:: Instructions for the task ::
Take the entries below and print, exactly, the stretch from the line containing "钢笔爱好者练字打卡20210406-22" through the line containing "01. Lanzamiento Café de Datos, por Datlas", both included.

:: Data supplied ::
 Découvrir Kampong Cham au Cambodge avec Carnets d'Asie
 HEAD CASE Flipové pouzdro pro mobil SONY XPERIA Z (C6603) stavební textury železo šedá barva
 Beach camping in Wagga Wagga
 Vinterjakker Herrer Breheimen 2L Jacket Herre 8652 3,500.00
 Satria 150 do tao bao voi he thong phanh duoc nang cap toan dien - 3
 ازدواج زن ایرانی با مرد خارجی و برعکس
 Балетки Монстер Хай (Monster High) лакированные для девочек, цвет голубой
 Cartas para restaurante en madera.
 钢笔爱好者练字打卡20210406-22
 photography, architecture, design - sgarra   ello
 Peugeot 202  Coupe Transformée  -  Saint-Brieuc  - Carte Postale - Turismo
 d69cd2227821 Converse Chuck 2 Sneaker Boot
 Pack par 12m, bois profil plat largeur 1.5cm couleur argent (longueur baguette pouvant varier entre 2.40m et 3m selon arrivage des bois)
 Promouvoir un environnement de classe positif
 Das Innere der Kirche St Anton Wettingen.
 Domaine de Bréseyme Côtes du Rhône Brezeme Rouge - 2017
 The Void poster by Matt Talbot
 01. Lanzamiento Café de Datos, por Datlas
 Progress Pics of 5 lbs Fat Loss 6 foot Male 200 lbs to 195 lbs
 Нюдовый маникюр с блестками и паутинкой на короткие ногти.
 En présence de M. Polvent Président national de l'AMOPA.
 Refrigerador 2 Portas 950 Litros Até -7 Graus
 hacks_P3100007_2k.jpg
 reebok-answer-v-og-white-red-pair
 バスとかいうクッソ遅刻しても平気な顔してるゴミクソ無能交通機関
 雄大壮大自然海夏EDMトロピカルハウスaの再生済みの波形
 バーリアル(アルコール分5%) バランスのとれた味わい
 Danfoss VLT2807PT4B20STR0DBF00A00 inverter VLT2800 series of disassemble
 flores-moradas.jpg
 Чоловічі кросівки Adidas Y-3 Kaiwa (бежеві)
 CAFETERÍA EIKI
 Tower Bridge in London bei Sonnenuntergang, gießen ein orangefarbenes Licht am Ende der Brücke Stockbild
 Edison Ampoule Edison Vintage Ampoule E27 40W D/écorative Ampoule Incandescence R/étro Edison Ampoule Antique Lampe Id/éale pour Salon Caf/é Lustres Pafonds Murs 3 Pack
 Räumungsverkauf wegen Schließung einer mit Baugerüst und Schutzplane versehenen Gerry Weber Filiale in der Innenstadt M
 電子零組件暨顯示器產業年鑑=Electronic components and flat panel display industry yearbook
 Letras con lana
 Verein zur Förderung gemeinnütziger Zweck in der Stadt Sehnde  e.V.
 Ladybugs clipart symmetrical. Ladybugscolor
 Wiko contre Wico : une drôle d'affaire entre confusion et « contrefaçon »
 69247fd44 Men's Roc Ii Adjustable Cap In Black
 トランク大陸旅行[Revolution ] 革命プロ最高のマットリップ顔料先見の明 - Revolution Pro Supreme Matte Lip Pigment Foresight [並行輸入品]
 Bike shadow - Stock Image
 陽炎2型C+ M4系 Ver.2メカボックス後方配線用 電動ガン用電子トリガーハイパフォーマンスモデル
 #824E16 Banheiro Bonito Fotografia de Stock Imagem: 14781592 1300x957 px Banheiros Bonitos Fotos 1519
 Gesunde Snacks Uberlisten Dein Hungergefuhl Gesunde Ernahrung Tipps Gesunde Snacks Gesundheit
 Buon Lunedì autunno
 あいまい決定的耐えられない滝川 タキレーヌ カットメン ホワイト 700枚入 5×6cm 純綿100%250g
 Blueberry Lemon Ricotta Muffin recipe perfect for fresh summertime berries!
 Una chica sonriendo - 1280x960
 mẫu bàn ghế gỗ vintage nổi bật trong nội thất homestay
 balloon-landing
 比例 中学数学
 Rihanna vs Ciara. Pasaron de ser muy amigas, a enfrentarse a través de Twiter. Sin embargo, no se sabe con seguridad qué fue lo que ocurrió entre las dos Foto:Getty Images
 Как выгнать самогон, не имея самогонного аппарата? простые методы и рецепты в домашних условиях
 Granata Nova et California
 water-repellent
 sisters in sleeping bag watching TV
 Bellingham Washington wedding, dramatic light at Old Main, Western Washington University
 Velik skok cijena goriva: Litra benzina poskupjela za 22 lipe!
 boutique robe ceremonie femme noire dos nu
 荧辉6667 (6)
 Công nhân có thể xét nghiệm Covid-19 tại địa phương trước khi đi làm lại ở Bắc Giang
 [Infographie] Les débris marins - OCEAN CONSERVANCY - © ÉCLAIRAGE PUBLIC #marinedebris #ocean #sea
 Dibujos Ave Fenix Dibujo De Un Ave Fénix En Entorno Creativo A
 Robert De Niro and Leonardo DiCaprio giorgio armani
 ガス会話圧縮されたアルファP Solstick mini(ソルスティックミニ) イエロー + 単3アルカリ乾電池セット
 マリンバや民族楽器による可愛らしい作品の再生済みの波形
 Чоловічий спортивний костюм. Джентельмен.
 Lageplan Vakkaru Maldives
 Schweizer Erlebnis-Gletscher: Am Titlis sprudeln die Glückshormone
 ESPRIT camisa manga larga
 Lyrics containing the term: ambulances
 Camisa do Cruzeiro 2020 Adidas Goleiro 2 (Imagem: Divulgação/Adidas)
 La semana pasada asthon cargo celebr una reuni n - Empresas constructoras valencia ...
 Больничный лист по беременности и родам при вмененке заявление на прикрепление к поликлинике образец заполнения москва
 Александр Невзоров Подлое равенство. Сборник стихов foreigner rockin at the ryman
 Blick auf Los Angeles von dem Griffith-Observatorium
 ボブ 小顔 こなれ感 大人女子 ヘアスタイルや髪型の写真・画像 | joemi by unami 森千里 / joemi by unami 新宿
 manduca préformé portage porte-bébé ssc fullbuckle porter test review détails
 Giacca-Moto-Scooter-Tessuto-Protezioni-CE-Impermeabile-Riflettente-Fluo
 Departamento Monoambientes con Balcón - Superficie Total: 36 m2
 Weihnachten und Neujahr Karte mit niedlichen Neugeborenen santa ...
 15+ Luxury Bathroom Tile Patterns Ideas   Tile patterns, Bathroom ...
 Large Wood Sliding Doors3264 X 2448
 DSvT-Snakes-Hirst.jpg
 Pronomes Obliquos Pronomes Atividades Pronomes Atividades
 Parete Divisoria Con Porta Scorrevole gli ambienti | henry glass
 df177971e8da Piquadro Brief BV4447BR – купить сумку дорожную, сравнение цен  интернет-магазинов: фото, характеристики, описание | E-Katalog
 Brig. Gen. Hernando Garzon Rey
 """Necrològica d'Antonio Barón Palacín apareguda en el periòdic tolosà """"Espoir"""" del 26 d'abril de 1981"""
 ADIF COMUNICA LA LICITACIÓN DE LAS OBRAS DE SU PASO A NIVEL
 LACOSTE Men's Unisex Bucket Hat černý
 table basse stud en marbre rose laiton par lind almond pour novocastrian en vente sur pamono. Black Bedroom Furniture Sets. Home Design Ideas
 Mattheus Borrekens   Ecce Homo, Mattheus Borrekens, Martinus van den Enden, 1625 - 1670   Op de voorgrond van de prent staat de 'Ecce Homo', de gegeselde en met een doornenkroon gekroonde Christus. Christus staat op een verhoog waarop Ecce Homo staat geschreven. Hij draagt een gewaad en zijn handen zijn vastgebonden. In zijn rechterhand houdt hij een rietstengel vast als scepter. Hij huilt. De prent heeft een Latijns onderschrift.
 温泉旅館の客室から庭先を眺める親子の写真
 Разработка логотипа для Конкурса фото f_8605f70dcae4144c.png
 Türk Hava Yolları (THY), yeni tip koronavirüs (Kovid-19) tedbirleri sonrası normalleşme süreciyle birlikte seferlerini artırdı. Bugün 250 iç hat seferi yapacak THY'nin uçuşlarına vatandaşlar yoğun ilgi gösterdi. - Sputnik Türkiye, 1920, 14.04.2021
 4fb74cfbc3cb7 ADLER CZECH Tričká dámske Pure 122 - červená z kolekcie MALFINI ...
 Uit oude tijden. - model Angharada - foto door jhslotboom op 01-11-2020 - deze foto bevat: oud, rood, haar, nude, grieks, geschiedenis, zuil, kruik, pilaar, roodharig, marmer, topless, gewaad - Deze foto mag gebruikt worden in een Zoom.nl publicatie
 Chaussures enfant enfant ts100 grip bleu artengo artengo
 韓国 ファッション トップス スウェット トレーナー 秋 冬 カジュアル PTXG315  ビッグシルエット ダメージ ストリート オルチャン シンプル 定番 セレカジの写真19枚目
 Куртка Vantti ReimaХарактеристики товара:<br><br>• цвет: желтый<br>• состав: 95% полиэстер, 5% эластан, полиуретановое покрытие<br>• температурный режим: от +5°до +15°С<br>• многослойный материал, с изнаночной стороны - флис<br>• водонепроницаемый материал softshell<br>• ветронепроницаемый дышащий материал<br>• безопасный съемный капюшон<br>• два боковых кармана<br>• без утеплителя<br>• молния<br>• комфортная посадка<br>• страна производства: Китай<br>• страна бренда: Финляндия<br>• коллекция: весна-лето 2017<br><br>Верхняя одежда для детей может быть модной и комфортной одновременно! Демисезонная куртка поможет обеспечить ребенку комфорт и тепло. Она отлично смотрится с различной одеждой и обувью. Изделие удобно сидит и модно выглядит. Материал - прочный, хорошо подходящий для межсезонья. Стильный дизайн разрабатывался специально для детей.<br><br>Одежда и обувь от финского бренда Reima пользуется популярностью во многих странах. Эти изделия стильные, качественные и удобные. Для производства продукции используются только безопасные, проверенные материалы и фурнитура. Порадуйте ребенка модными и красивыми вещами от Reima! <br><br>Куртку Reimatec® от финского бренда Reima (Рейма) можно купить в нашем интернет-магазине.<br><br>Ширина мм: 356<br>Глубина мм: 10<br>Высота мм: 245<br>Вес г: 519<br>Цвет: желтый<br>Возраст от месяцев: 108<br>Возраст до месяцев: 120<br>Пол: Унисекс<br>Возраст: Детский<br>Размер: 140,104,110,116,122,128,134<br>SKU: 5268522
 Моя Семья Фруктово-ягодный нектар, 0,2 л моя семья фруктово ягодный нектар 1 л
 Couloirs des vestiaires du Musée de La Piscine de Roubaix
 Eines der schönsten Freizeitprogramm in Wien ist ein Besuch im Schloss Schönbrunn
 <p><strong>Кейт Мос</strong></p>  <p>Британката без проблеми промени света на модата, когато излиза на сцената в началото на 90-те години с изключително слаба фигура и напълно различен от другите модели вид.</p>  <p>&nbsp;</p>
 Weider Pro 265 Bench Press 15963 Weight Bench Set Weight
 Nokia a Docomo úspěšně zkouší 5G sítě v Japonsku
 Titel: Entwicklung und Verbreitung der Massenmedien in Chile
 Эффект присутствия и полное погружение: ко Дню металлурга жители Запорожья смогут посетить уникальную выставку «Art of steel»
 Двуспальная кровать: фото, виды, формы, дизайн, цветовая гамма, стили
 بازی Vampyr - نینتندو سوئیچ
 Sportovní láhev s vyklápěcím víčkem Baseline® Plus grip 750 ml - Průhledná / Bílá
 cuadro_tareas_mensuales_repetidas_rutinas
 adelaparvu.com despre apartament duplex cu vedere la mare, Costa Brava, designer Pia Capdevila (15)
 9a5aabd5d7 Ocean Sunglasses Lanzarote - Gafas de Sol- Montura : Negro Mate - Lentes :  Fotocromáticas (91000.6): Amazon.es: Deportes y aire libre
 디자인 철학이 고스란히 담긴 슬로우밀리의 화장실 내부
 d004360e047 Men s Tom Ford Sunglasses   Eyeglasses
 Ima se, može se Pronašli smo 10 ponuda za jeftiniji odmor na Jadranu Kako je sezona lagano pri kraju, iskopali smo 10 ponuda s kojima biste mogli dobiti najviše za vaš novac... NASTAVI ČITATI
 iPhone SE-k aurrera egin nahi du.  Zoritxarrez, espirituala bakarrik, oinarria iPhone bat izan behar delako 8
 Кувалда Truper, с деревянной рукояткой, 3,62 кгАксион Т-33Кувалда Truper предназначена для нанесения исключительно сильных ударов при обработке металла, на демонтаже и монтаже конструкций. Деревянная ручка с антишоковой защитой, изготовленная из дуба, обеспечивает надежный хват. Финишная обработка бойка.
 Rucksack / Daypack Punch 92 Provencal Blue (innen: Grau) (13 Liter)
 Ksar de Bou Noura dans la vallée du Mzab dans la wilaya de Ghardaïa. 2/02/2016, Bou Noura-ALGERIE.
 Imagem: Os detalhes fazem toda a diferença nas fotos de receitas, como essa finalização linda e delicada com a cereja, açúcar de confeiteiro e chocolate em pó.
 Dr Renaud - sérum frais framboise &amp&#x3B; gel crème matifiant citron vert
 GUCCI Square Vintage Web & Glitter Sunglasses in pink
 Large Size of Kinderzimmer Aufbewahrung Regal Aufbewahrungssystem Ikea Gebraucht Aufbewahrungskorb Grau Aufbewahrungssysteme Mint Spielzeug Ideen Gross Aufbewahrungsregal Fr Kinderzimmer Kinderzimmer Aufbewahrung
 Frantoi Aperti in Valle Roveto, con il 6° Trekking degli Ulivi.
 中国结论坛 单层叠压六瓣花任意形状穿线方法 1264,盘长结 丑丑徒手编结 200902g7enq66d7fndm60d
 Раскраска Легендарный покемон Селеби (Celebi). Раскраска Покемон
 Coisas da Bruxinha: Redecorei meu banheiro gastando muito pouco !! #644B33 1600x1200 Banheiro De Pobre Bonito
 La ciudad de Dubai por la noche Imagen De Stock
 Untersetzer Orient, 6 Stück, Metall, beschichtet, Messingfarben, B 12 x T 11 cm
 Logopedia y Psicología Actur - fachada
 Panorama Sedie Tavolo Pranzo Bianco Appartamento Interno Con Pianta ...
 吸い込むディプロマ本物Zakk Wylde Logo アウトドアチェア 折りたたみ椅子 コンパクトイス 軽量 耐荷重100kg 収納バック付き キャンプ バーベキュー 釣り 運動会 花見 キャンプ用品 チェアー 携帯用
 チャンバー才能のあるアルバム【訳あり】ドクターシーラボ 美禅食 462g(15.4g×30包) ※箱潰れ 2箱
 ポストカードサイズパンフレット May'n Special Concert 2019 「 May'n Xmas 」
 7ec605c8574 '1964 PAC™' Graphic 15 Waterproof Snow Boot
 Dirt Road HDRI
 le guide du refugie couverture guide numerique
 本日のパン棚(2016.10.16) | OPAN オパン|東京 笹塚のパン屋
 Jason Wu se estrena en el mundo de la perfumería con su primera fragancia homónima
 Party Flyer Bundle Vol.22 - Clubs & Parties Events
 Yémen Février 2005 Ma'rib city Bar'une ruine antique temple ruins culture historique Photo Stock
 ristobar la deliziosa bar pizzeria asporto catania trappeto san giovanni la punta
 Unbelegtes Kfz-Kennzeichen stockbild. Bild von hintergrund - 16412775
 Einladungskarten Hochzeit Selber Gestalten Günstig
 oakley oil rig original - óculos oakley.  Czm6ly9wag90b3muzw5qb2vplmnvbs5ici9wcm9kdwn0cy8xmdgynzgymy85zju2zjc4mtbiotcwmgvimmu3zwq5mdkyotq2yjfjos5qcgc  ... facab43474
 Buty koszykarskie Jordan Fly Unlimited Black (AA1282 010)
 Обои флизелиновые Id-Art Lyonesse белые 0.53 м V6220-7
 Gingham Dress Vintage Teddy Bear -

:: Response area ::
 钢笔爱好者练字打卡20210406-22
 photography, architecture, design - sgarra   ello
 Peugeot 202  Coupe Transformée  -  Saint-Brieuc  - Carte Postale - Turismo
 d69cd2227821 Converse Chuck 2 Sneaker Boot
 Pack par 12m, bois profil plat largeur 1.5cm couleur argent (longueur baguette pouvant varier entre 2.40m et 3m selon arrivage des bois)
 Promouvoir un environnement de classe positif
 Das Innere der Kirche St Anton Wettingen.
 Domaine de Bréseyme Côtes du Rhône Brezeme Rouge - 2017
 The Void poster by Matt Talbot
 01. Lanzamiento Café de Datos, por Datlas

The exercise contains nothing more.